DarkMarket covers more physical territory than a Bourne movie. One of the reasons cybercrime is hard to police is that it's so widely distributed geographically. As Glenny puts it, money can be "stolen by a Russian in Ukraine from an American company and paid out in Dubai – and the whole transaction need last no longer than 10 minutes". Even if law enforcement agents are able to penetrate the sophisticated firewalls that the criminals hide behind, they often find prosecution difficult or impossible, either because of a lack of hard evidence – one hacker, Roman Vega, has been imprisoned without trial in the United States for seven years – or because their quarry is outside their jurisdiction.

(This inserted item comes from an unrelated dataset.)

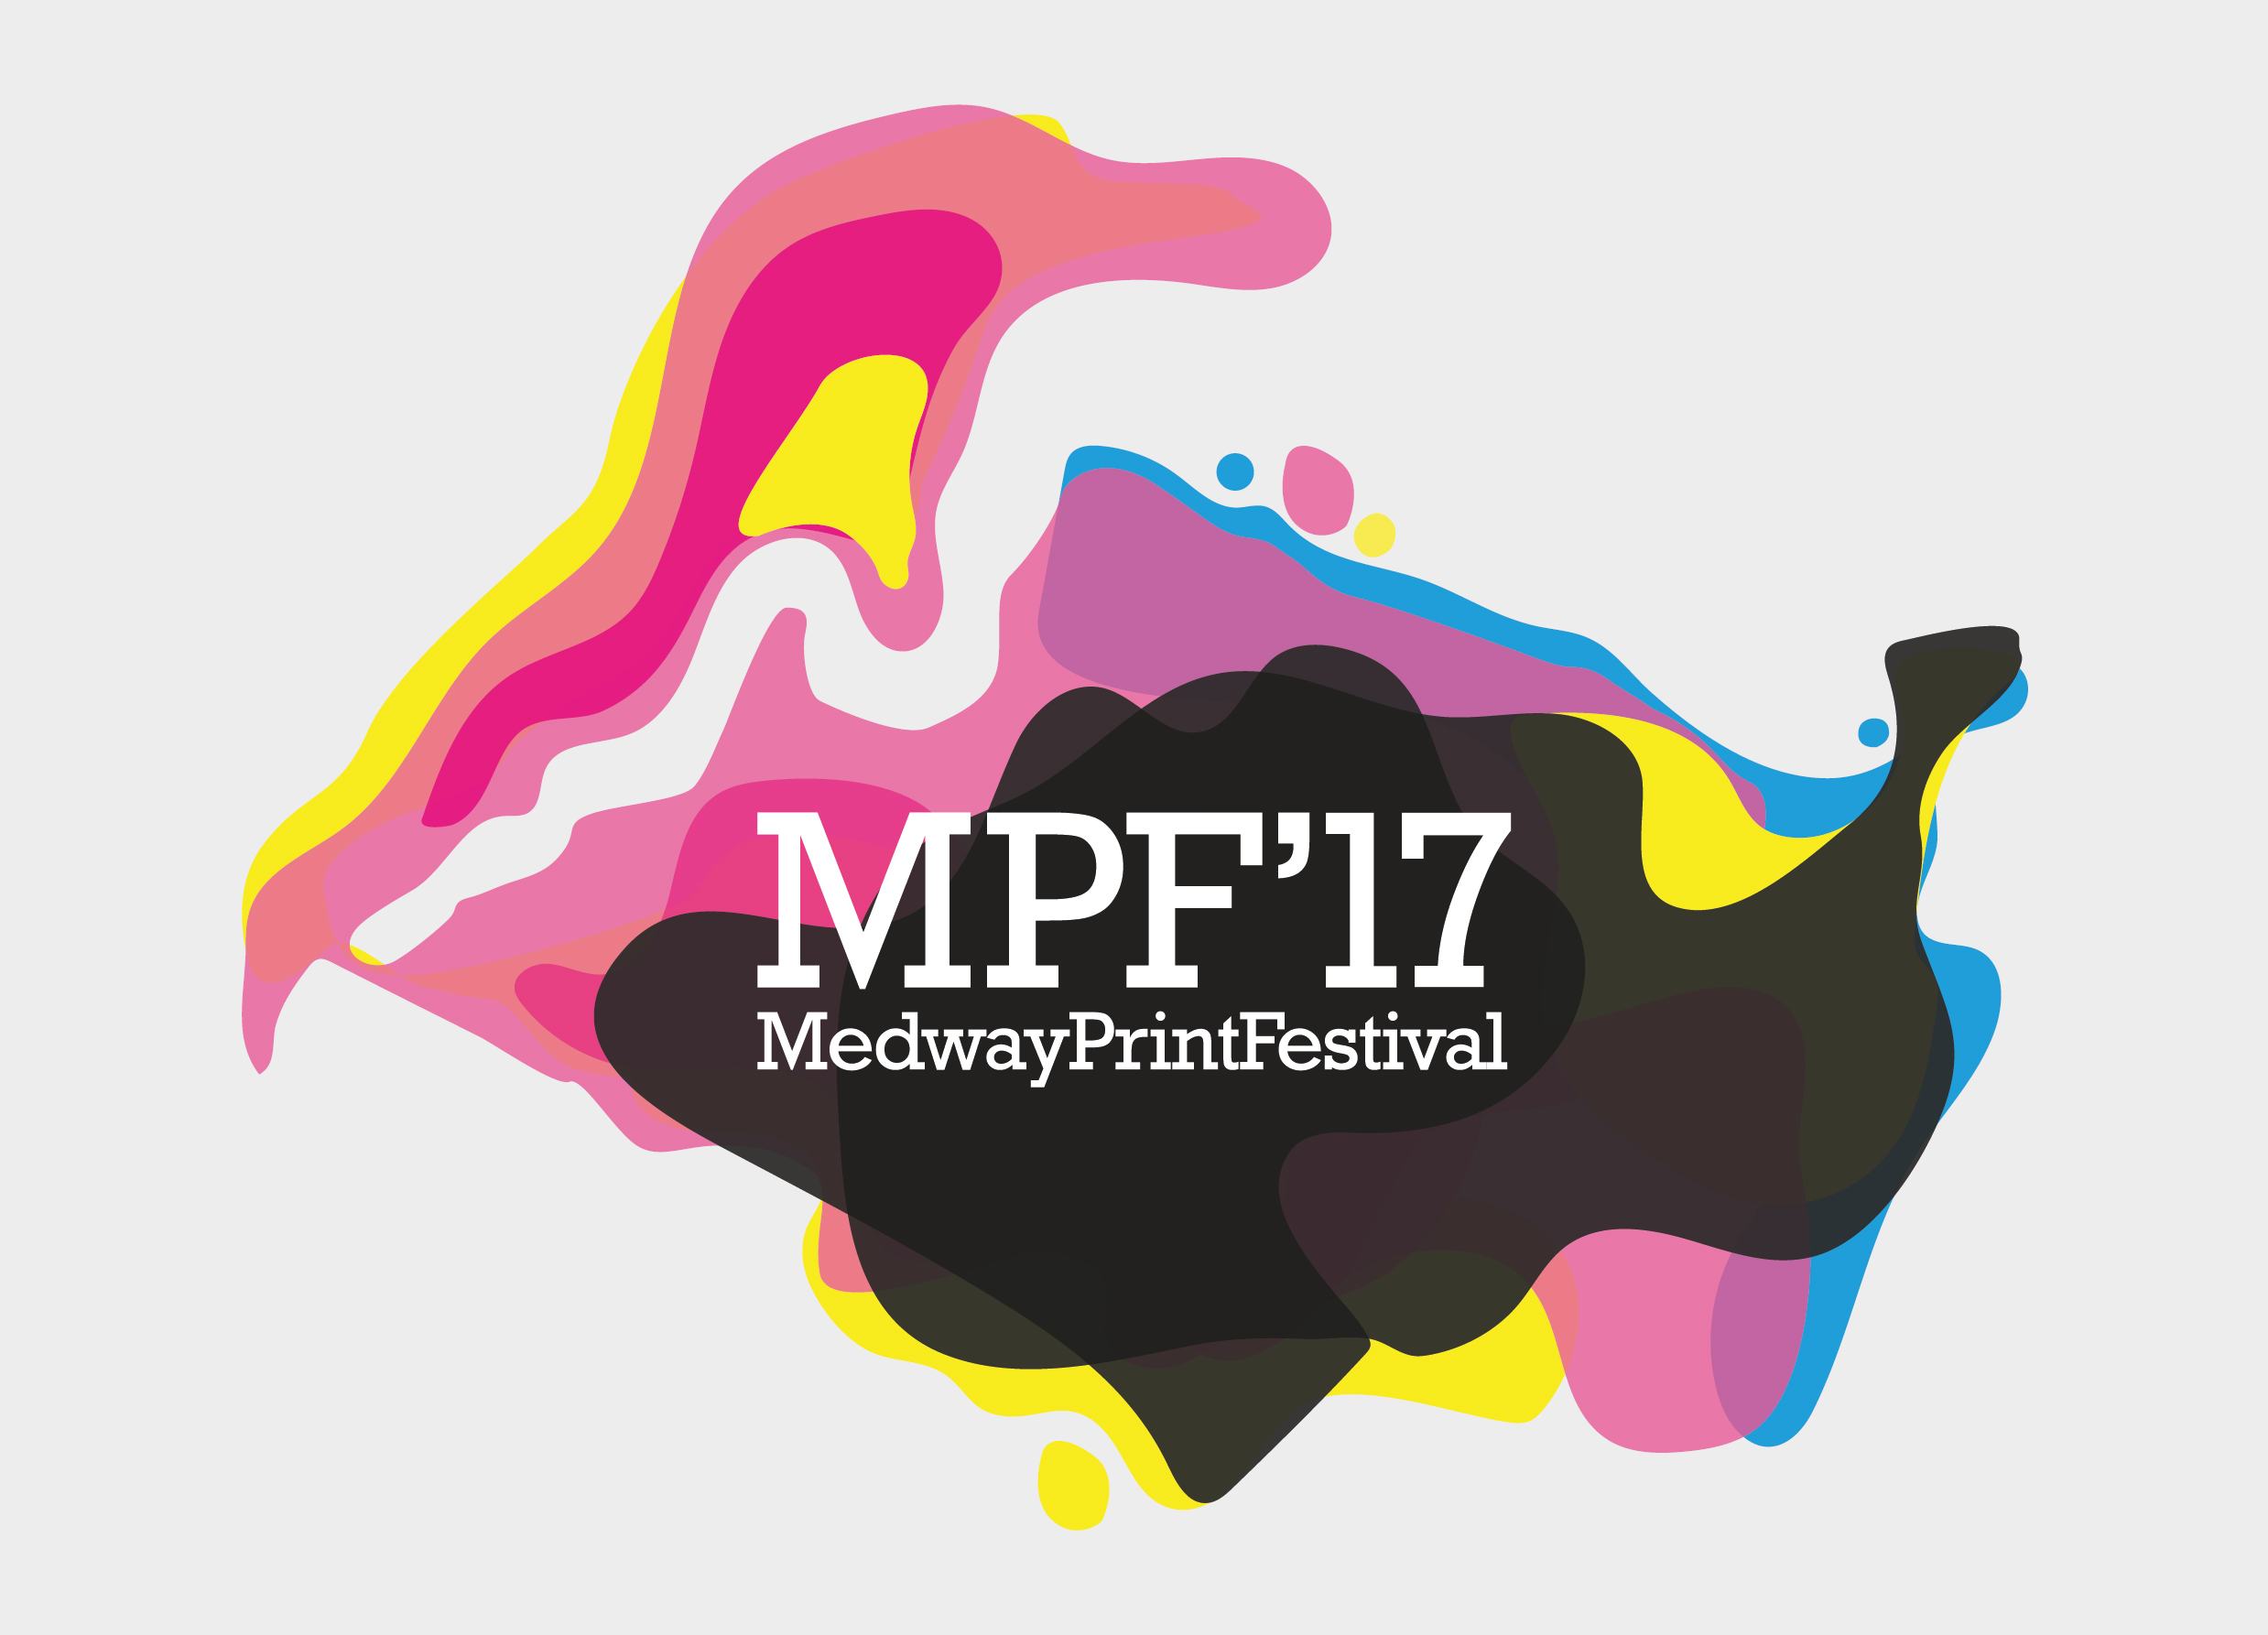 MFP'17 Medway Print Festival logo

A lot of the biggest carding operations have been run out of Russia and Ukraine, neither of which has an extradition treaty with the US. All Russian internet service providers are required to send a copy of every packet of data that passes through their servers to the secret police, and encrypting computer files is illegal. In theory, this means that all internet activity in the country is monitored by the FSB. In practice, this means that Russian gangsters could have a hard time ripping off their compatriots, but as long as they confine their activities to cardholders in the US and western Europe, the authorities are happy to turn a blind eye.

A bigger threat to cybercrooks may come not from law enforcement agencies but from other criminals. For a long time DarkMarket was subject to hacking attacks from Iceman, aka Max Ray Vision (né Butler), the mastermind behind a rival website called CardersMarket, until his arrest in September 2007. Last year he was sentenced to 13 years in prison. Vision used to be a patriot, seeking out and patching up holes in the Pentagon's cyber defences. The trouble was, he didn't see the need to tell the Defense Department what he was doing, and in 1998 he was arrested on suspicion of infecting them with a virus.

Glenny points out that the hundreds of billions of dollars being spent on cyber security are almost all "invested in technology", but "there is virtually no investment in trying to ascertain who is hacking and why". However, it's hard to go along with his suggestion, following a hazy summary of Simon Baron-Cohen's (much contested) work on autism and sex difference, that it could "be possible to identify hacker personality types among children who are still at school" and "offer them ethical guidance so that their abilities can be channelled in positive directions". One of DarkMarket's early chapters, ironically enough, is entitled "Miranda Speaks of a Brave New World".